With each LinkedIn feed refresh and overheard conversation around the ICC, the word ‘internship’ (in a celebratory, not dejected tone, as had frequented my own summer application discourse) seemed inescapable. For the spring, I had applied to a singular internship and received a yes — a one-off success that had imbued me with a false sense of confidence about my prospects. After having applied to five summer internships, hearing back from one and seemingly being ghosted by the remainder, I was increasingly losing hope of having a LinkedIn-worthy summer work opportunity. So there in Lau 2, surrounded by overachievers and desperately procrastinating, I pulled out my phone and uploaded a TikTok poking fun at my own dim prospects.

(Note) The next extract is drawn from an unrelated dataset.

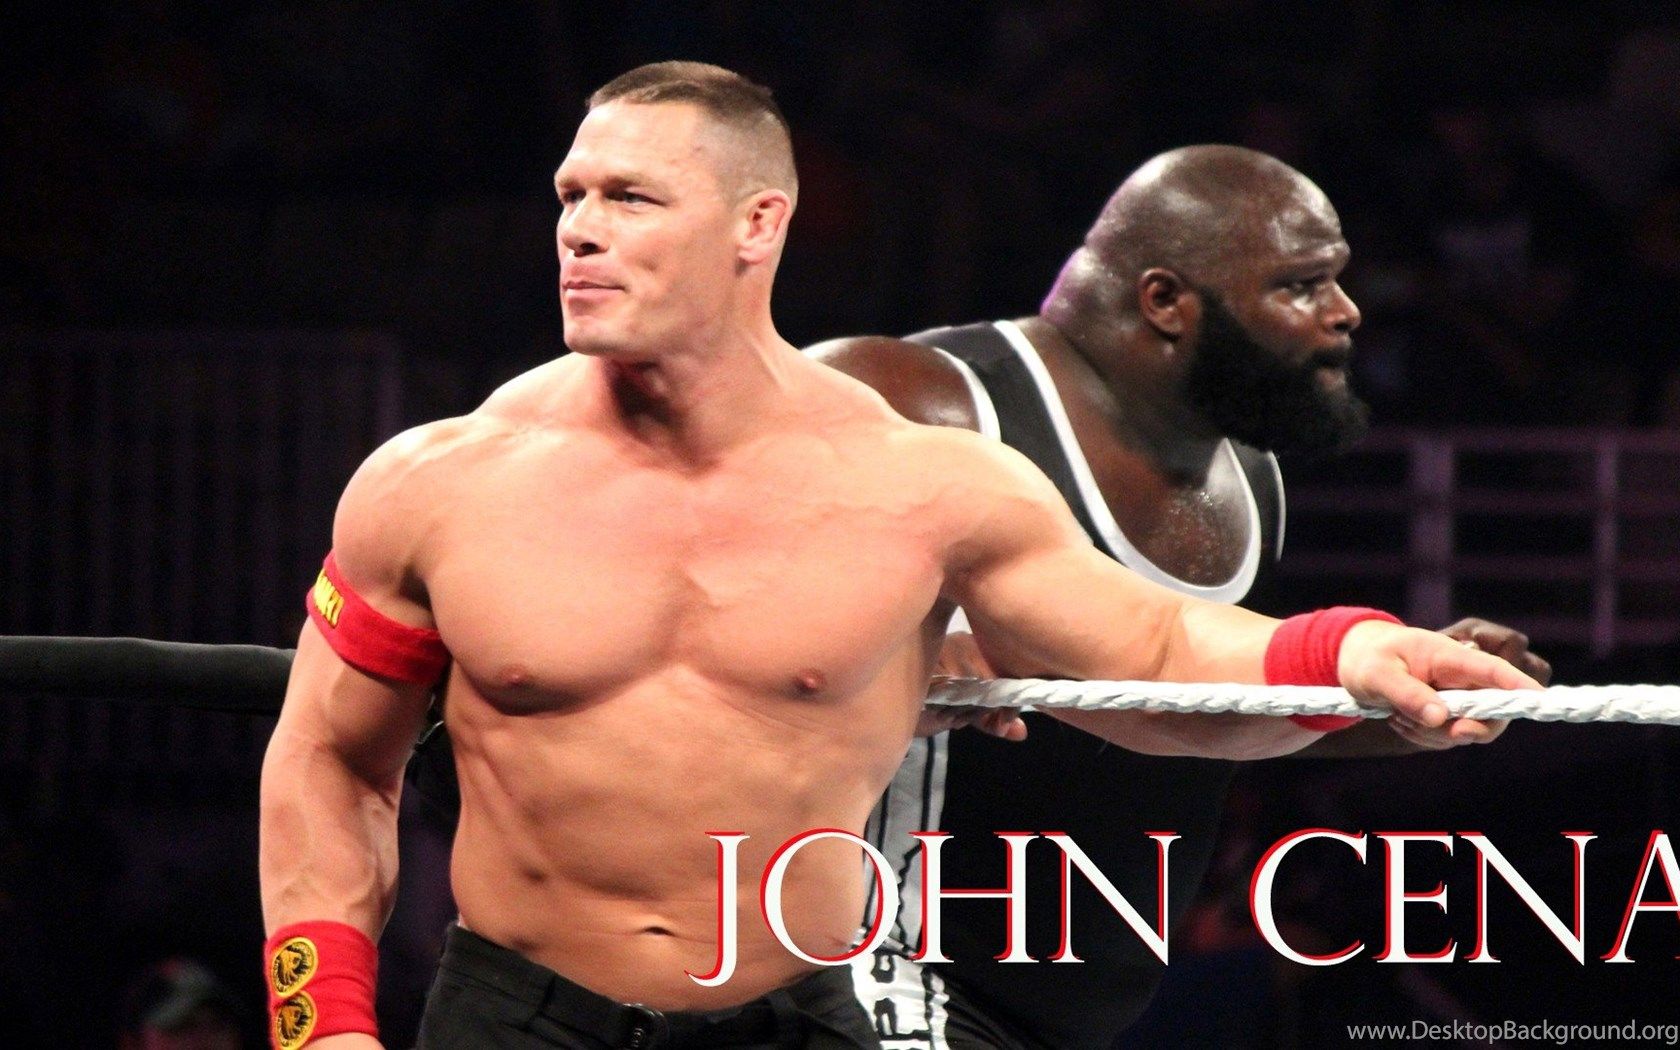 Wwe John Cena Wallpaper Download Free High Resolution Desktop Background

The video posed the question “Do you have a summer internship?”, with my faux-dramatic response beneath it: “No. But I know love. I know kindness. I know how to see the world in a grain of sand and heaven in a wildflower. I know the true meaning of a good time.” I slid my phone back into its face-down position and didn’t think much of it. But by morning, the video had 10,000 views. Throughout the day, its engagement kept doubling, where it sat two weeks later at 485,400 views with 94,800 likes, 244 comment,s and 3,173 saves.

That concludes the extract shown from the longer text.